[Start of Attachment]

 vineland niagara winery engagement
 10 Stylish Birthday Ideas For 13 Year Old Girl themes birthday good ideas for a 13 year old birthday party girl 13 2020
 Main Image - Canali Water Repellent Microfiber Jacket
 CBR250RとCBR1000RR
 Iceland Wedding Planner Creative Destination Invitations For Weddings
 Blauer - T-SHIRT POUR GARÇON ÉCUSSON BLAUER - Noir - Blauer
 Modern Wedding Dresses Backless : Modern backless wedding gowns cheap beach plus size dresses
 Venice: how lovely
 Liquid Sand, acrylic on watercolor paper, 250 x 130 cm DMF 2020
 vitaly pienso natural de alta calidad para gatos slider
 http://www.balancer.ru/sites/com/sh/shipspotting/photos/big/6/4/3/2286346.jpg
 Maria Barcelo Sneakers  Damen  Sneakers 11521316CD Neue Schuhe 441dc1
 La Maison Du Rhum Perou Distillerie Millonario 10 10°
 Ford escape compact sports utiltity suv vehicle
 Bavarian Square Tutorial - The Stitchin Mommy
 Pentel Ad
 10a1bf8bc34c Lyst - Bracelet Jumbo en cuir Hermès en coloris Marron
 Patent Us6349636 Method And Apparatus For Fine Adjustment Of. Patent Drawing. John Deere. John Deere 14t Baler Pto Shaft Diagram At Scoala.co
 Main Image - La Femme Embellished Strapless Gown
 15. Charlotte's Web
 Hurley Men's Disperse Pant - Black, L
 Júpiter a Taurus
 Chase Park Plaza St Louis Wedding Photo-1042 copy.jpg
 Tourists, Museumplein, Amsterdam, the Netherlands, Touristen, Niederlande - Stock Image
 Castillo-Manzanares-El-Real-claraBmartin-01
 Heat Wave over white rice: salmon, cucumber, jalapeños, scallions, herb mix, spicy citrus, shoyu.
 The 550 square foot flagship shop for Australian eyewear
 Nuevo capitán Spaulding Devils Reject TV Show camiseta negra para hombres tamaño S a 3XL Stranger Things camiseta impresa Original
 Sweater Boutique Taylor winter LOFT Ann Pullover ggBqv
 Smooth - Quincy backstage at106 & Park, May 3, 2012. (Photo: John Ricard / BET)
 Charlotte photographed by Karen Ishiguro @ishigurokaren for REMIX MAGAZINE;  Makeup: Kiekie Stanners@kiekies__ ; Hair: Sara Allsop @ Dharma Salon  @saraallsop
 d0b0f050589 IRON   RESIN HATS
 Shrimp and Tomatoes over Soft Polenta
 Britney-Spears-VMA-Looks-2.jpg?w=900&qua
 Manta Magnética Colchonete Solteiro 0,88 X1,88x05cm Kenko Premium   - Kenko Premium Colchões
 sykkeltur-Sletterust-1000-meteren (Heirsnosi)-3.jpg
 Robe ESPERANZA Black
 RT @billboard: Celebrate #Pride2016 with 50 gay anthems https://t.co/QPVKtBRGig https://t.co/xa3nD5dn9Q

[End of Attachment]

*Exercise objective*.
Look for the line with "Robe ESPERANZA Black" in the records above. Repeat it and each line after it exactly.

*Written reply*.
 Robe ESPERANZA Black
 RT @billboard: Celebrate #Pride2016 with 50 gay anthems https://t.co/QPVKtBRGig https://t.co/xa3nD5dn9Q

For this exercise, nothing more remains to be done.